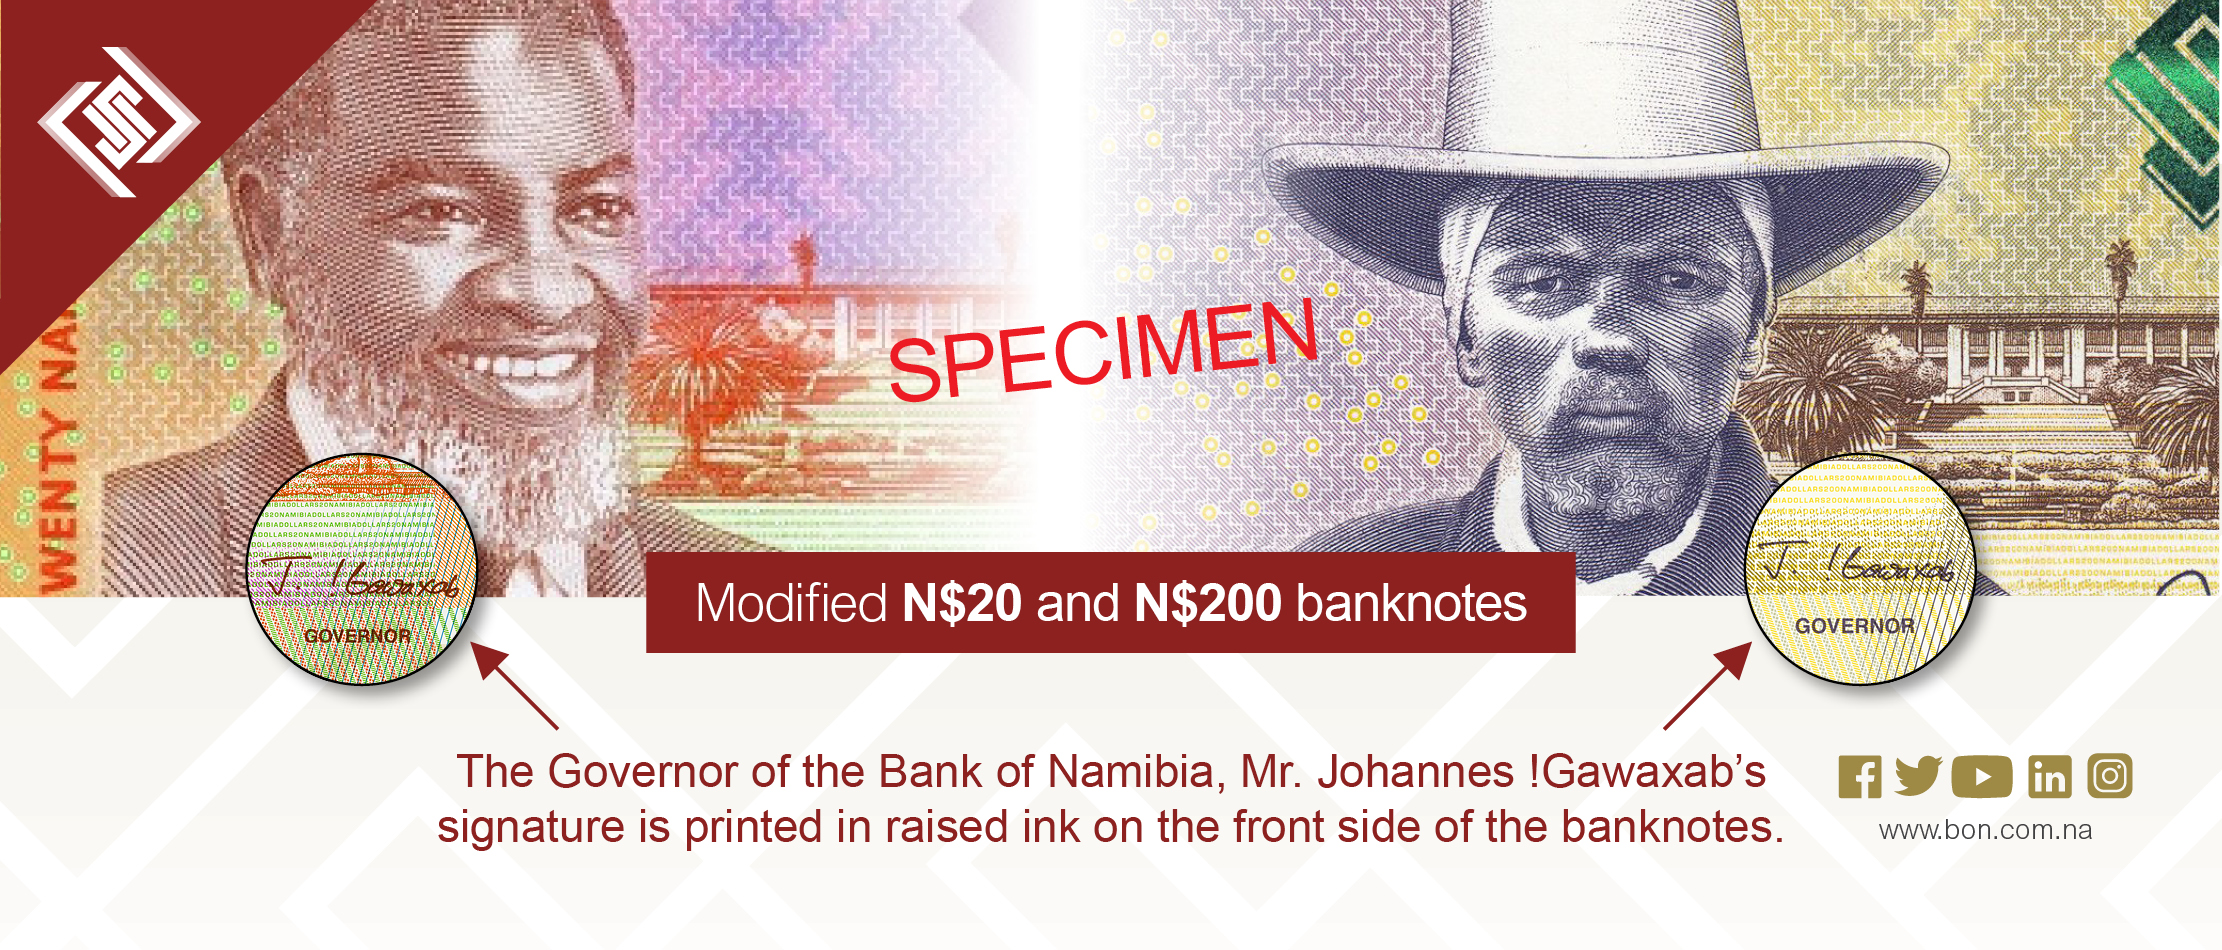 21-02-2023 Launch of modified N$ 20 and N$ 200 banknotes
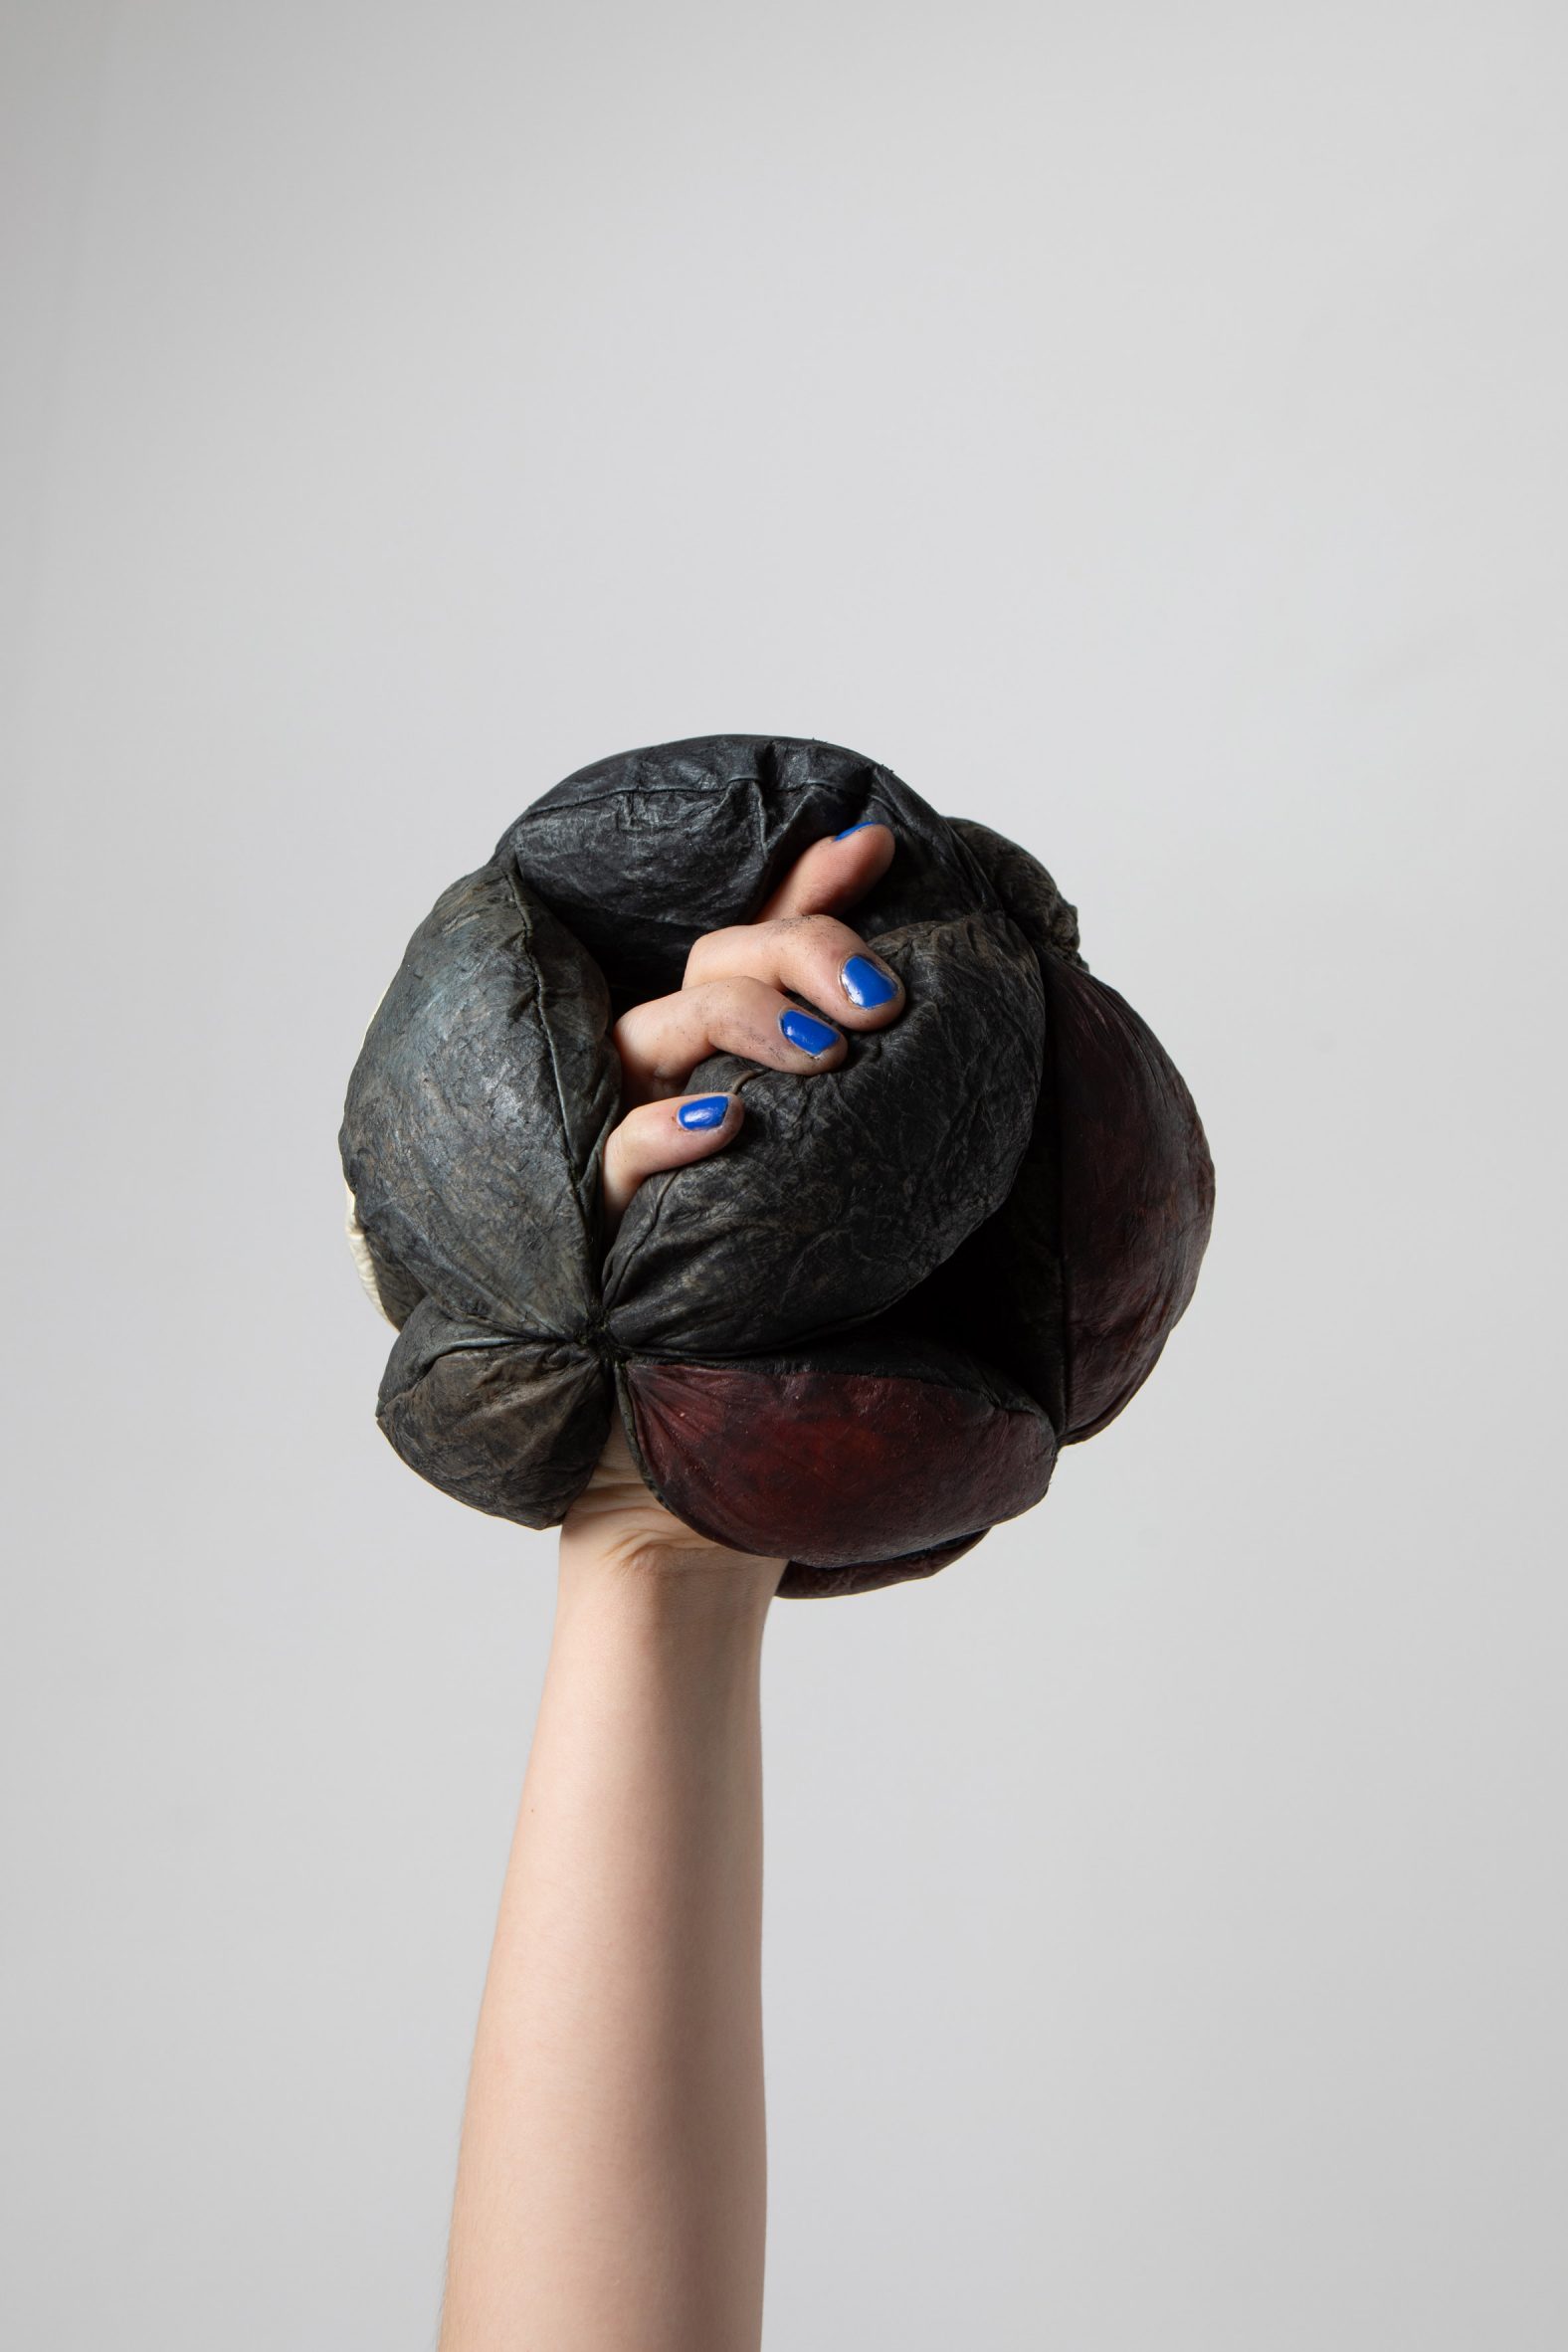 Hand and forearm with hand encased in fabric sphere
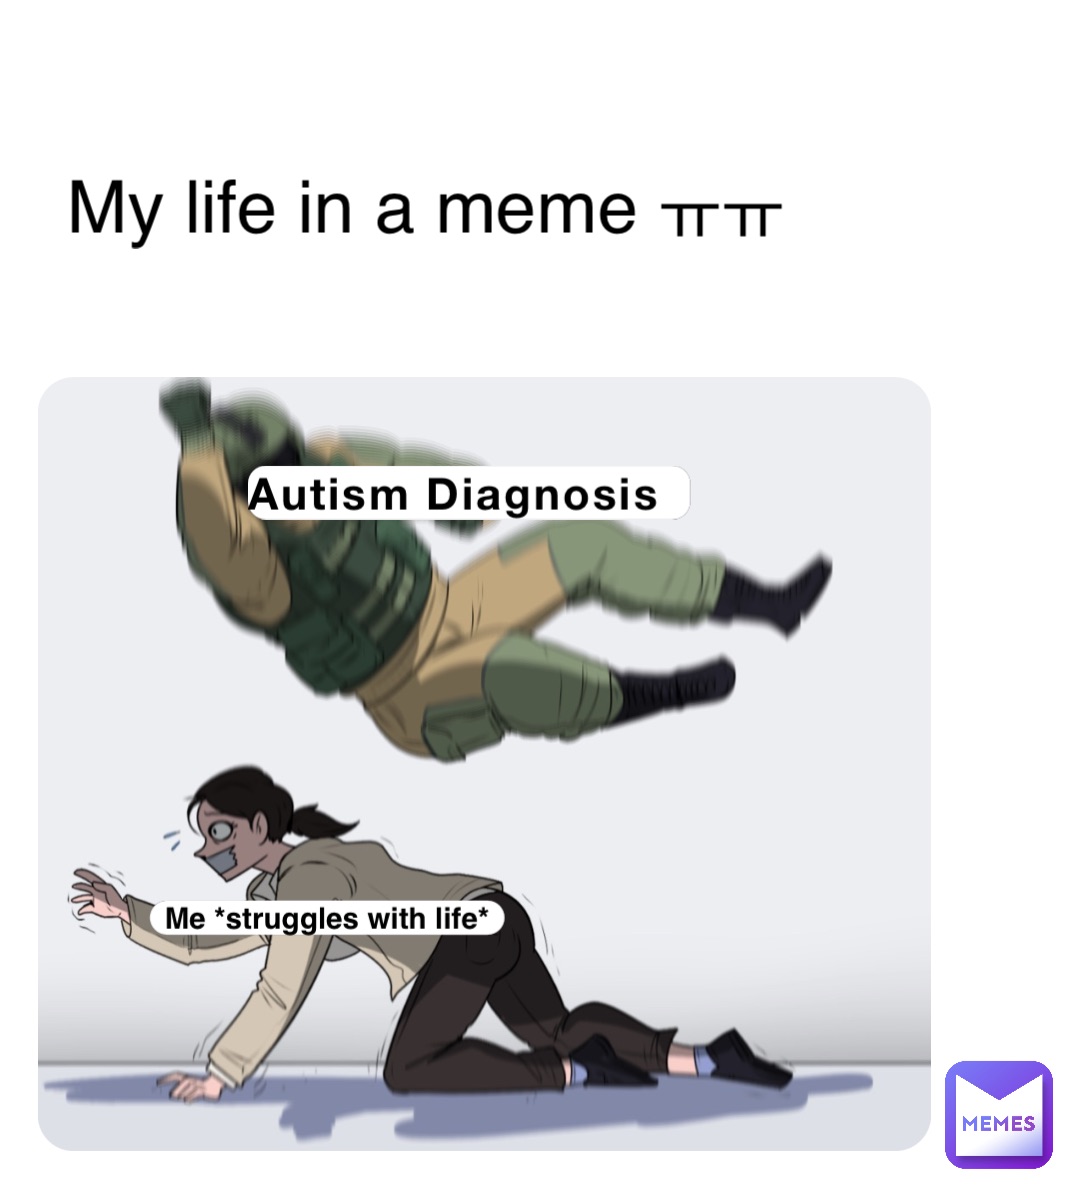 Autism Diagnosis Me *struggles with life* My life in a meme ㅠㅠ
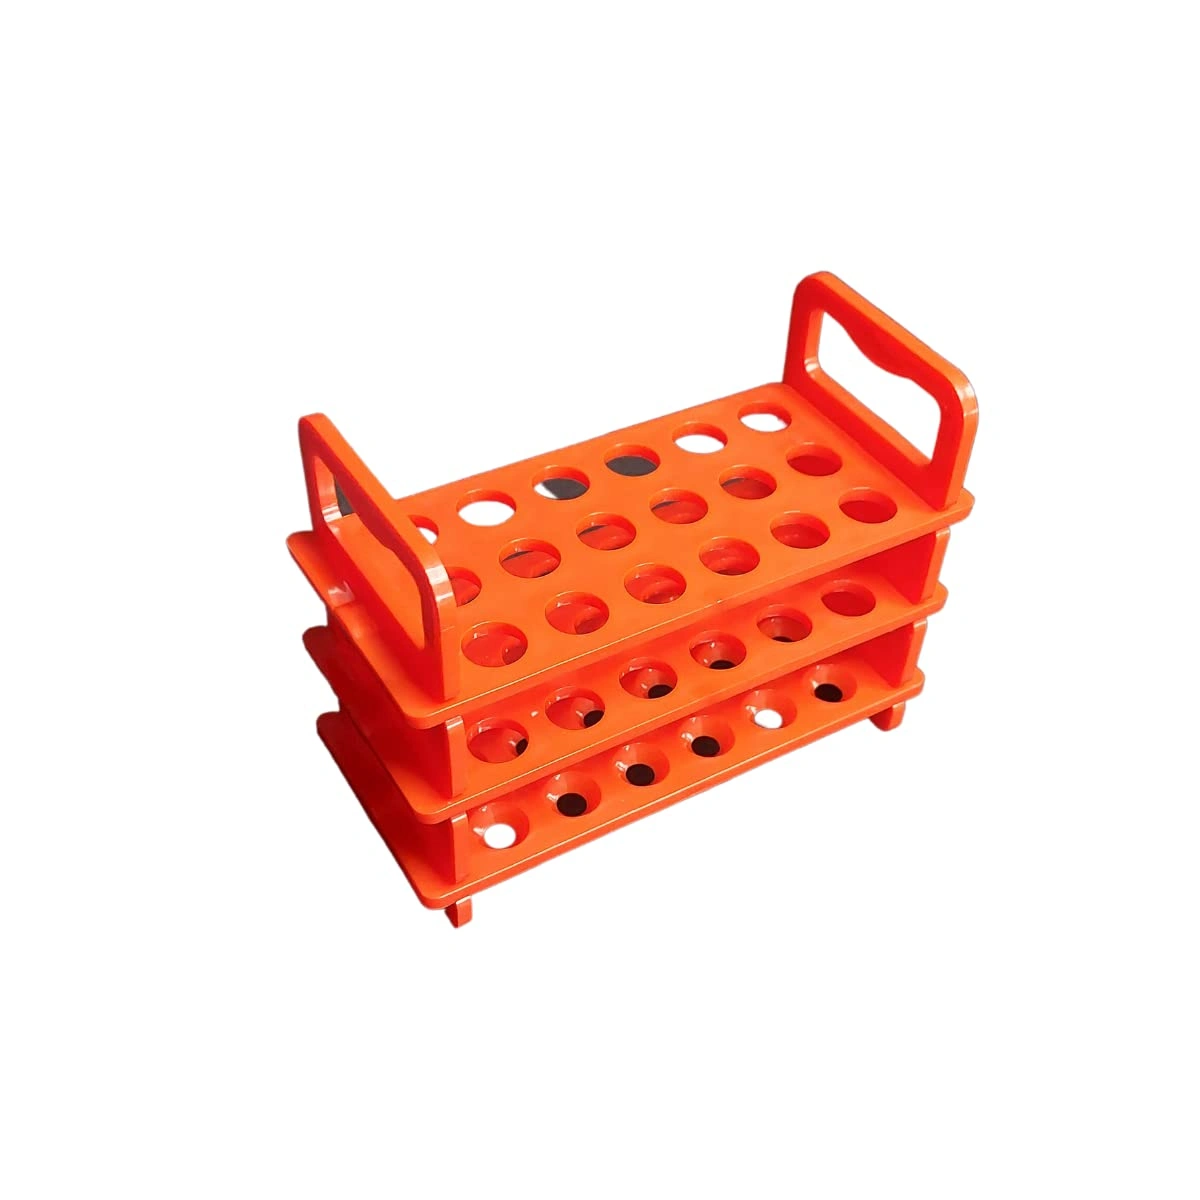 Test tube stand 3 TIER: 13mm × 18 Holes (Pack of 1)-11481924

**TASK TO COMPLETE**. Repeat all the material above exactly, apart from the pictures.

**ANSWER FOR THIS EXERCISE**.
 21-02-2023 Launch of modified N$ 20 and N$ 200 banknotes
 Hand and forearm with hand encased in fabric sphere
 Autism Diagnosis Me *struggles with life* My life in a meme ㅠㅠ
 Test tube stand 3 TIER: 13mm × 18 Holes (Pack of 1)-11481924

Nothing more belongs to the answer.